▸ **Task requirements**: Please return only the lines from the one showing "Saint Louis Adventure: Trolley" to the end of the entries, keeping both ends and dropping every picture.
═════ Given records ═════
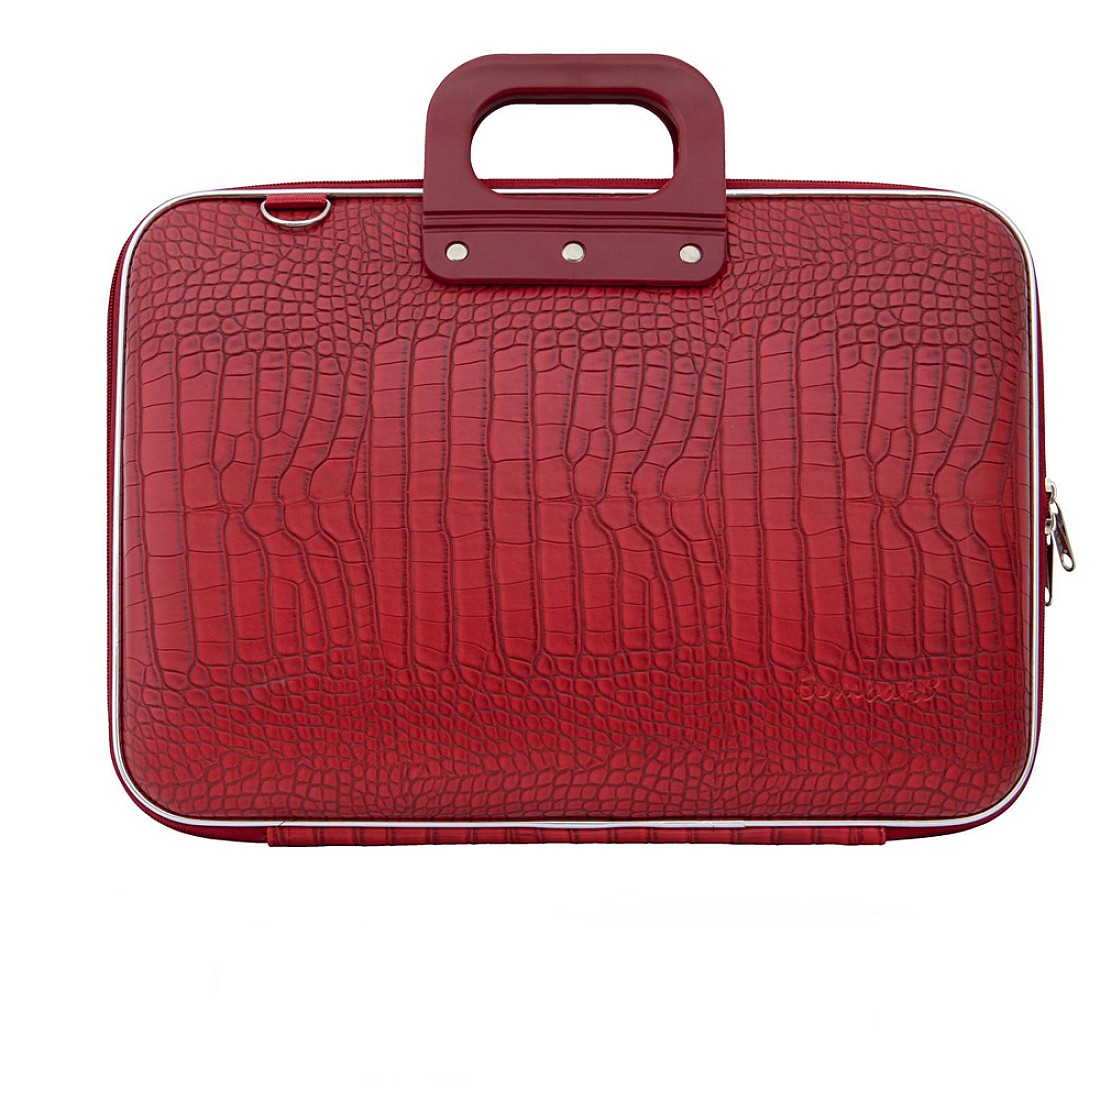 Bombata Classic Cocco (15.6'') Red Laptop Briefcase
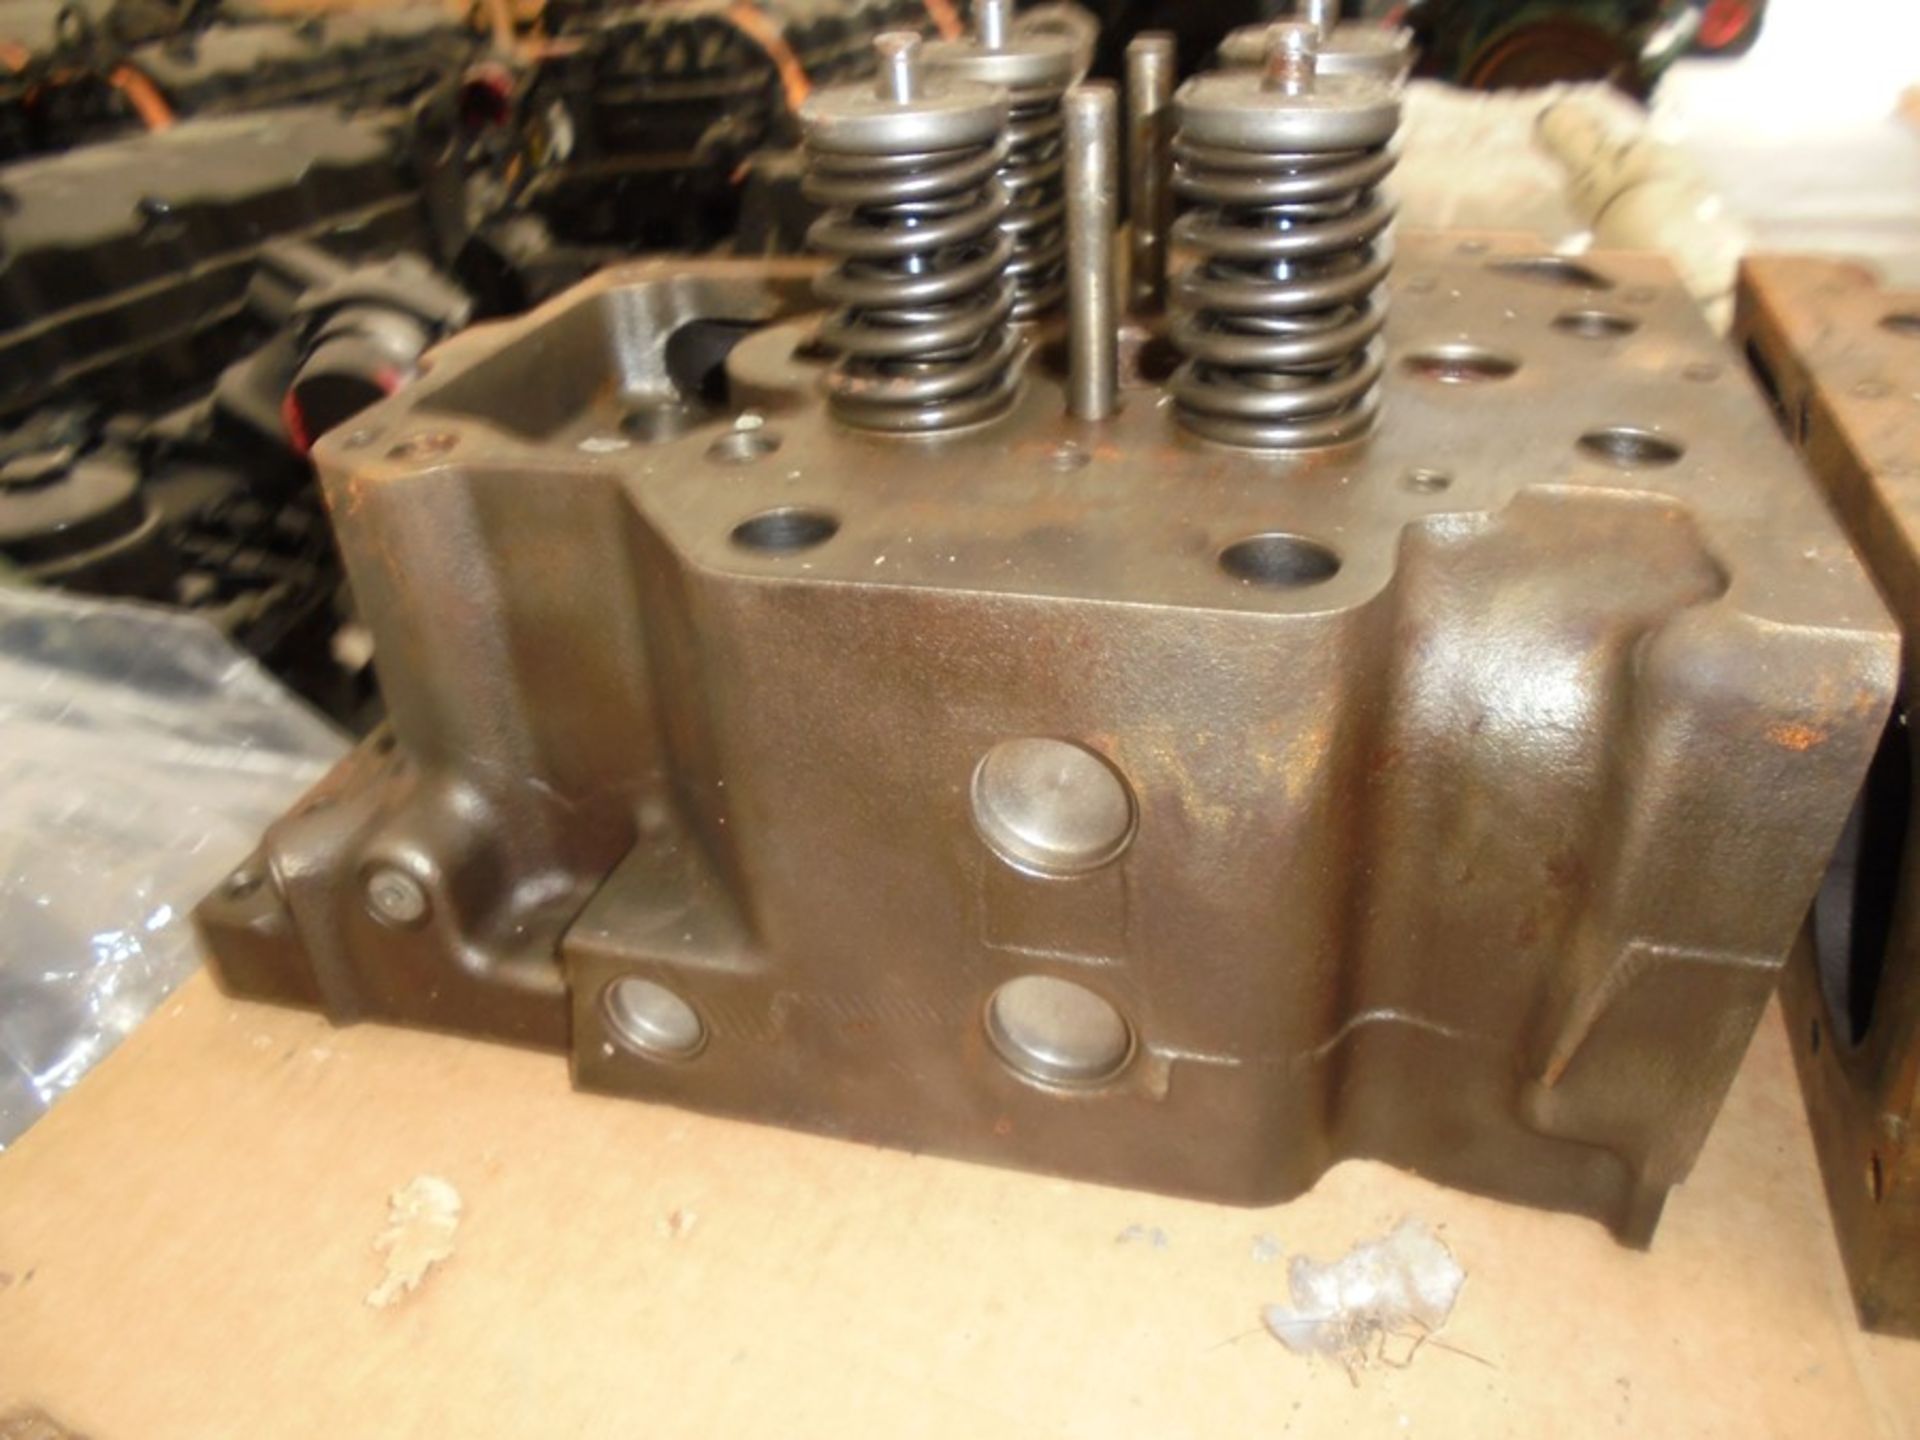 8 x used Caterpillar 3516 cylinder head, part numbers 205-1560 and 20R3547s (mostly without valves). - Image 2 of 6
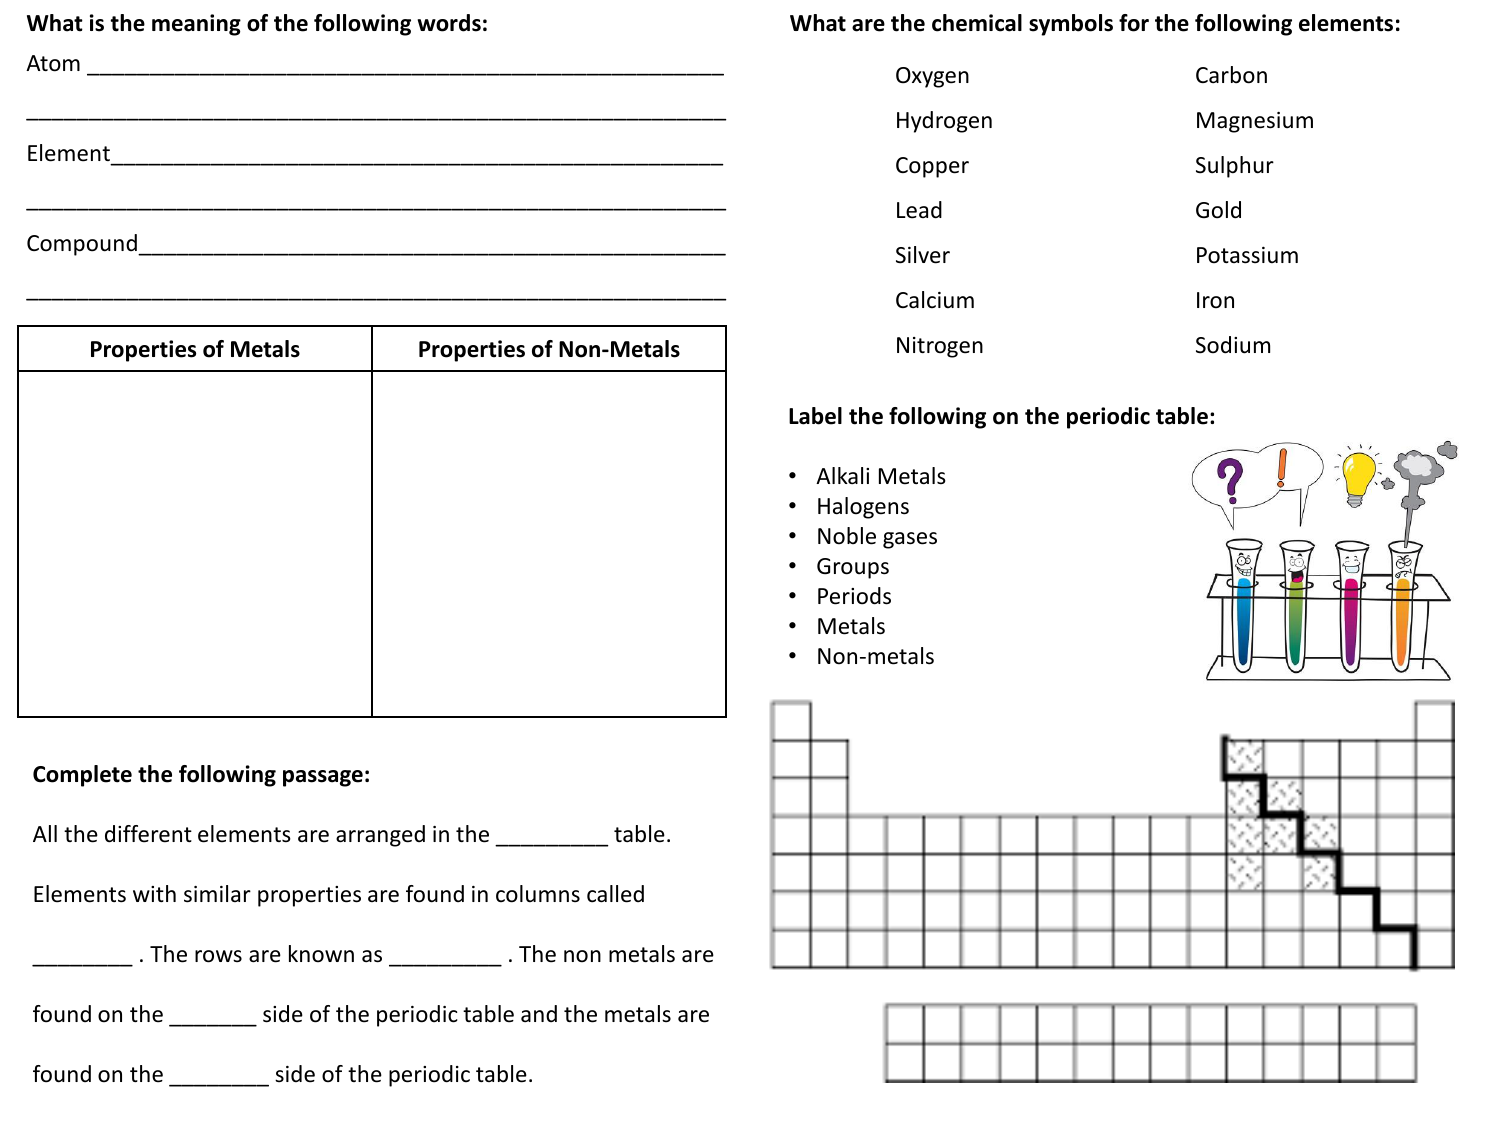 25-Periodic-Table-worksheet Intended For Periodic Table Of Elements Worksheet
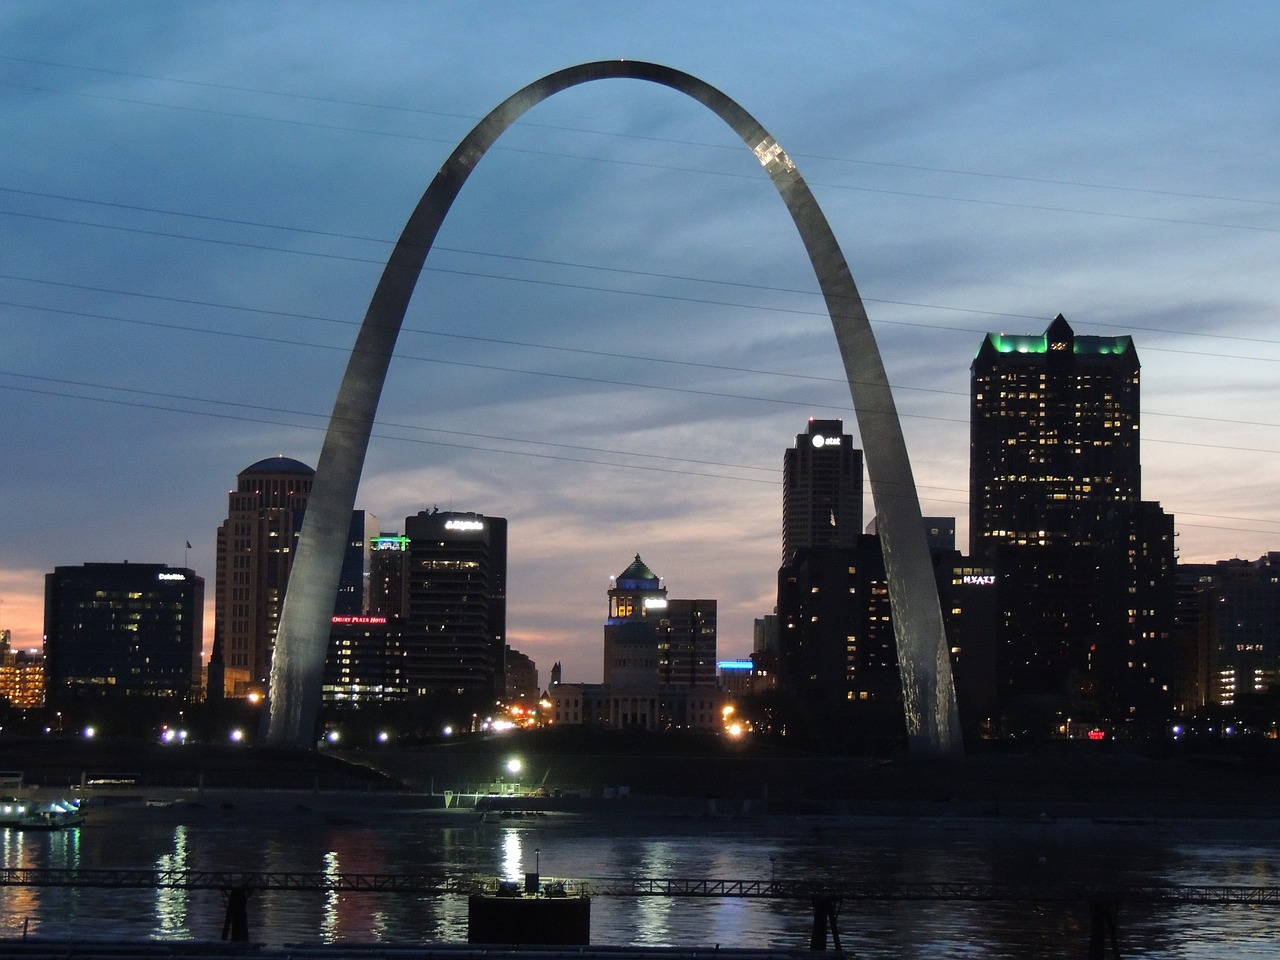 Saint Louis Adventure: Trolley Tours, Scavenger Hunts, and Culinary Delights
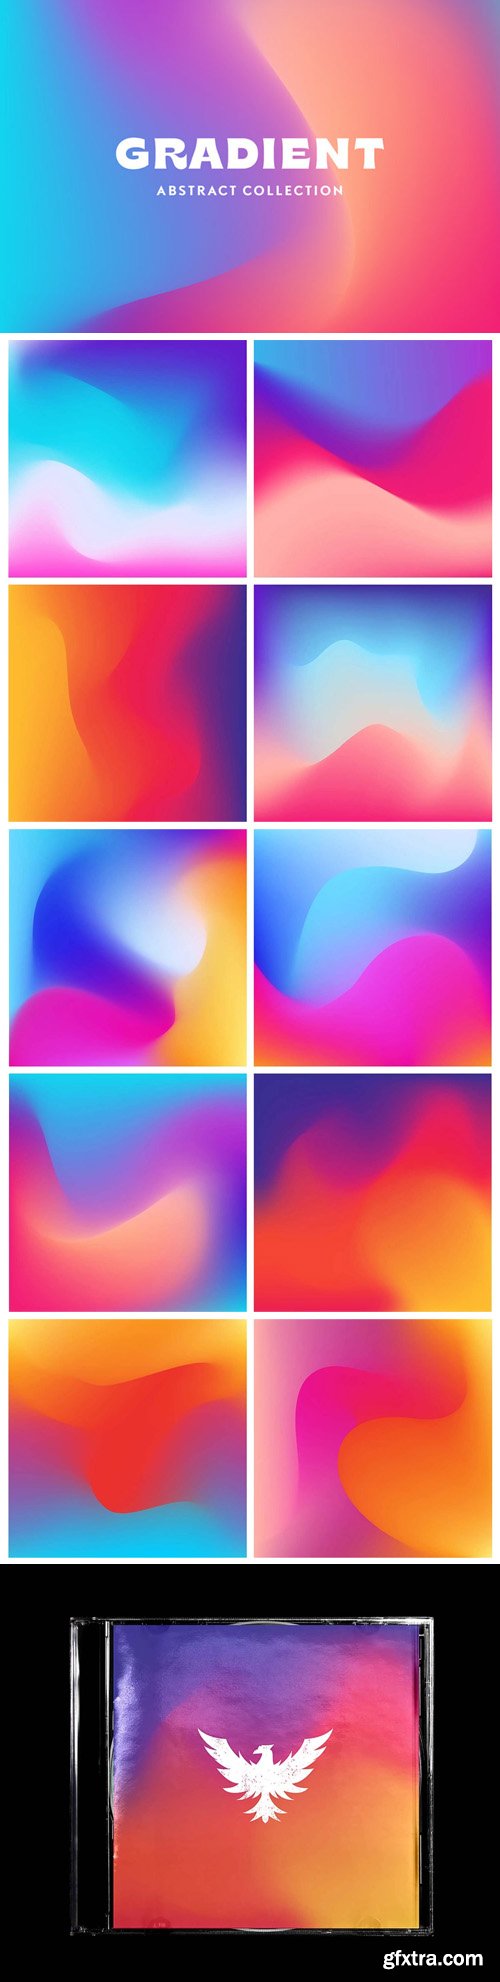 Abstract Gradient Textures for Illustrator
═════
▸ **Exercise result**:
 Saint Louis Adventure: Trolley Tours, Scavenger Hunts, and Culinary Delights
 Abstract Gradient Textures for Illustrator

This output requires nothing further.